RILEY CHILDREN’S FOUNDATION: When you think about the future of mental health support for Indiana children and adolescents, what is your biggest hope?
DR. HULVERSHORN: If every child received evidence based treatment, meaning something that has been studied and found to be effective, that would be an enormous improvement overall around the state. The second would be that our system is able to execute on our plan to provide integrated care — meaning mental health within the primary care setting — statewide. We really want to accomplish that over the next few years. The treatments we have now actually work pretty darn well for kids. The biggest problem I see is that families don’t have enough access to the high quality, evidence-based interventions that do work well. That’s something that an academic center like IU partnered with Riley is in a good position to focus on and try to spread the knowledge.
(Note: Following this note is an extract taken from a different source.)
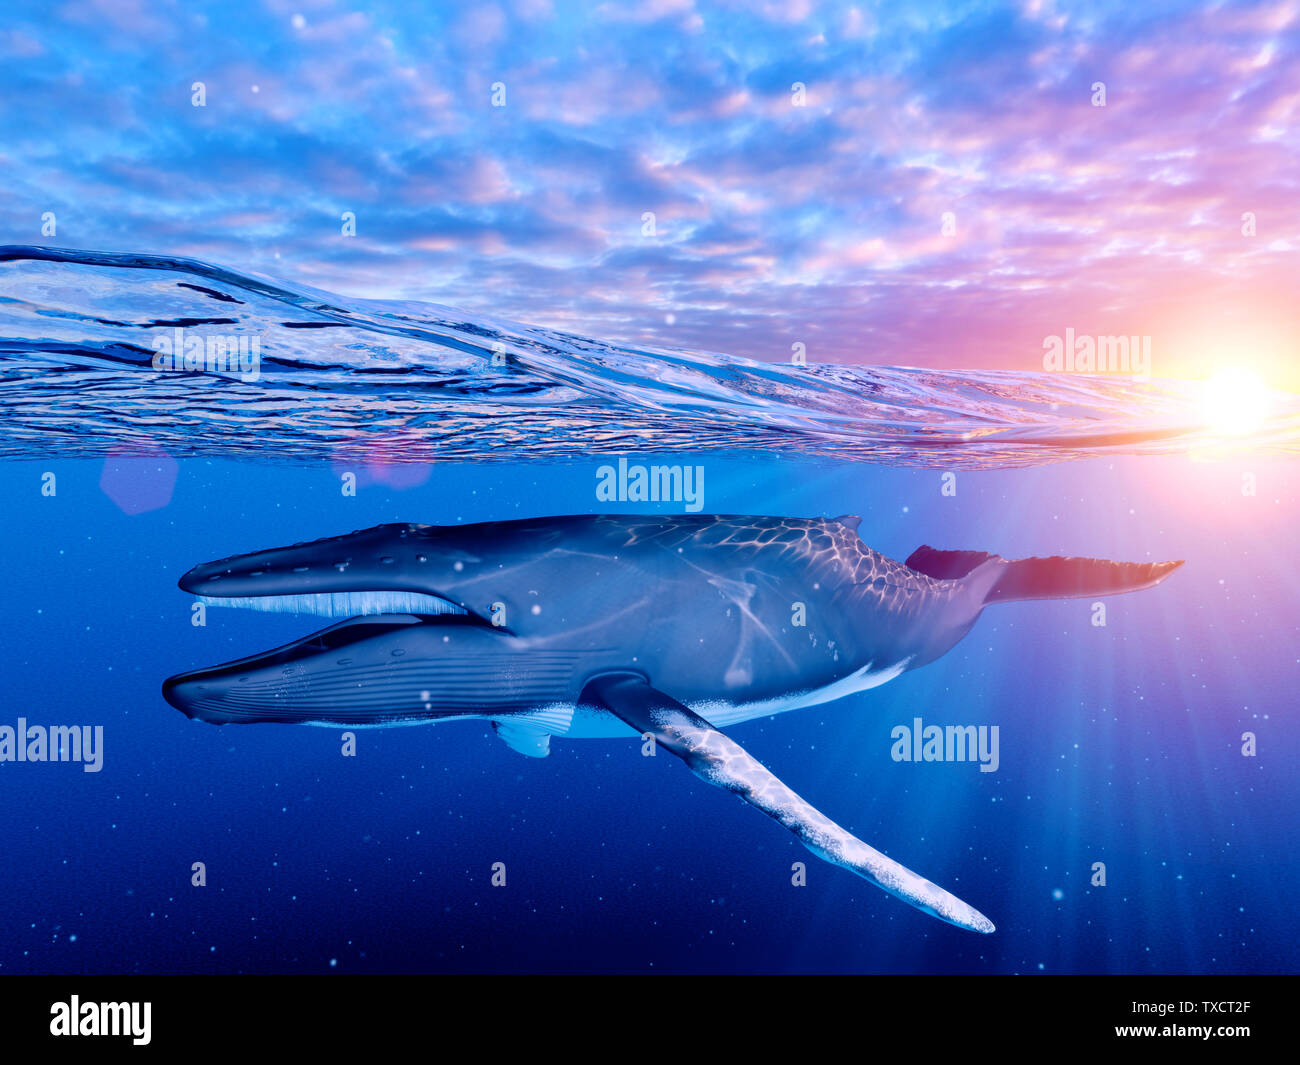 3d rendered illustration of a humpback whale Stock Photo

We can harness the statewide footprint of Riley.
RILEY CHILDREN’S FOUNDATION: What is your message for Riley Children’s Foundation donors who support behavioral health at Riley?
DR. HULVERSHORN: We are enormously grateful. Any donations we receive from donors goes right back into the care of kids. We have so many needs, and we’re so grateful for the support. It directly impacts and improves the care of children in our state. No matter the amount, it means an enormous amount to us. We just don’t have a way to do this work without philanthropy. We are setting our sights on some very ambitious goals. It’s a really exciting time — nothing like we’ve seen before in behavioral health at Riley. It’s a solvable problem. We can absolutely make this better. Every bit of money counts and we can make big differences. One of the reasons I’m a child psychiatrist is I love that I can influence the entire trajectory of someone’s life. If I have a 13-year-old who quits vaping in my addiction program, I might have just prevented them from getting cancer, from dying 20 years earlier. The impact is lifelong and lasting. It’s a smart investment to fund youth behavioral health.